Sidney Cohen, who by now was the dean of LSD researchers in Los Angeles, scrupulously avoided this scene and began to have second thoughts about the drug, or at least about the way it was now being used and discussed. According to his biographer, the historian Steven Novak, Cohen was made uncomfortable by the cultishness and aura of religiosity and magic that now wreathed LSD. Sounding a theme that would crop up repeatedly in the history of psychedelic research, Cohen struggled with the tension between the spiritual import of the LSD experience (and the mystical inclinations it brought out in its clinical practitioners) and the ethos of science to which he was devoted. He remained deeply ambivalent: LSD, he wrote in a 1959 letter to a colleague, had “opened a door from which we must not retreat merely because we feel uncomfortably unscientific at the threshold.” And yet that is precisely how the LSD work often made him feel: uncomfortably unscientific.

Cohen also began to wonder about the status of the insights that patients brought back from their journeys. He came to believe that “under LSD the fondest theories of the therapist are confirmed by his patient.” The expectancy effect was such that patients working with Freudian therapists returned with Freudian insights (framed in terms of childhood trauma, sexual drives, and oedipal emotions), while patients working with Jungian therapists returned with vivid archetypes from the attic of the collective unconscious, and Rankians with recovered memories of their birth traumas.

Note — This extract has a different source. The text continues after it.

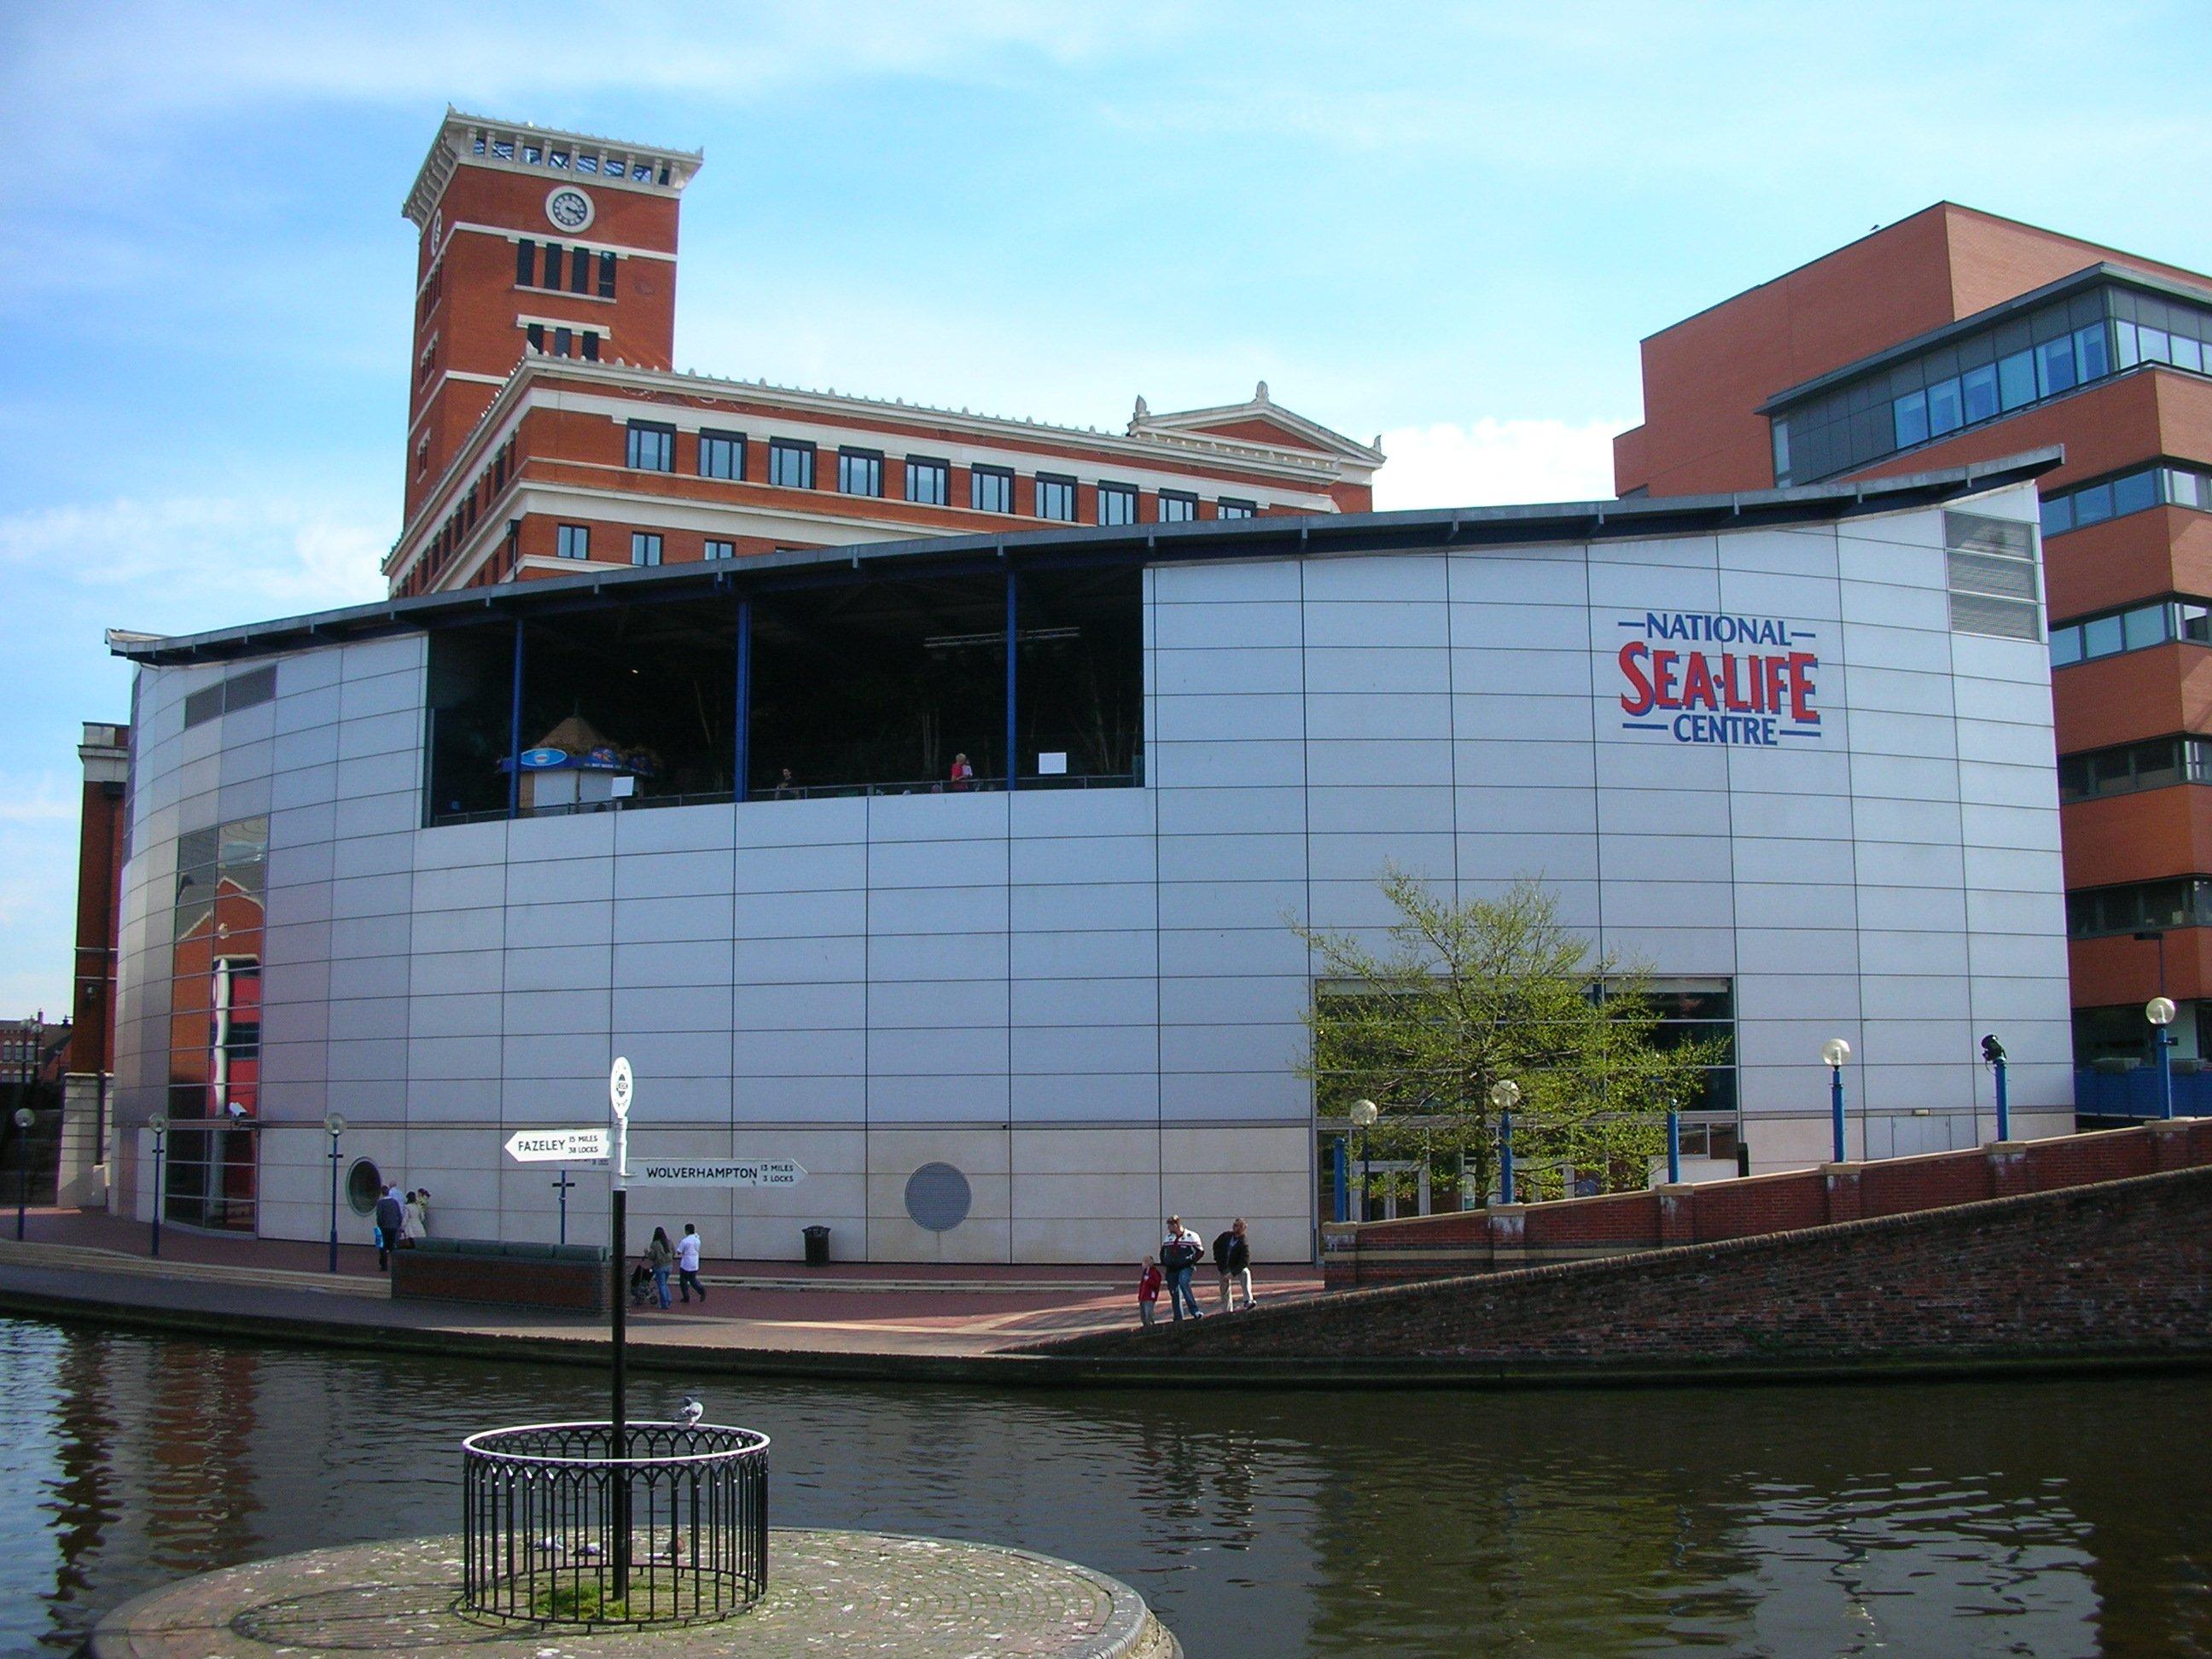 Description National Sea Life Centre and BCN canal, Birmingham.jpg

This radical suggestibility posed a scientific dilemma, surely, but was it necessarily a therapeutic dilemma as well? Perhaps not: Cohen wrote that “any explanation of the patient’s problems, if firmly believed by both the therapist and the patient, constitutes insight or is useful as insight.” Yet he qualified this perspective by acknowledging it was “nihilistic,” which, scientifically speaking, it surely was. For it takes psychotherapy perilously close to the world of shamanism and faith healing, a distinctly uncomfortable place for a scientist to be. And yet as long as it works, as long as it heals people, why should anyone care? (This is the same discomfort scientists feel about using placebos. It suggests an interesting way to think about psychedelics: as a kind of “active placebo,” to borrow a term proposed by Andrew Weil in his 1972 book, The Natural Mind. They do something, surely, but most of what that is may be self-generated. Or as Stanislav Grof put it, psychedelics are “nonspecific amplifiers” of mental processes.)

Cohen’s thoughtful ambivalence about LSD, which he would continue to feel until the end of his career, marks him as that rare figure in a world densely populated by psychedelic evangelists: the open-minded skeptic, a man capable of holding contrary ideas in his head. Cohen continued to believe in the therapeutic power of LSD, especially in the treatment of anxiety in cancer patients, which he wrote about, enthusiastically, for Harper’s in 1965. There, he called it “therapy by self-transcendence,” suggesting he saw a role in Western medicine for what would come to be called applied mysticism. Yet Cohen never hesitated to call attention to the abuses and dangers of LSD, or to call out his more fervent colleagues when they strayed too far off the path of science—the path from which the siren song of psychedelics would lure so many.

• • • BACK IN SASKATCHEWAN, Humphry Osmond and Abram Hoffer had taken a very different path after the collapse of the psychotomimetic paradigm, though this path, too, ended up complicating their own relationship to science. Struggling to formulate a new therapeutic model for LSD, they turned to a pair of brilliant amateurs—one a famous author, Aldous Huxley, and the other an obscure former bootlegger and gunrunner, spy, inventor, boat captain, ex-con, and Catholic mystic named Al Hubbard. These two most unlikely nonscientists would help the Canadian psychiatrists reconceptualize the LSD experience and develop the therapeutic protocol that is still in use today.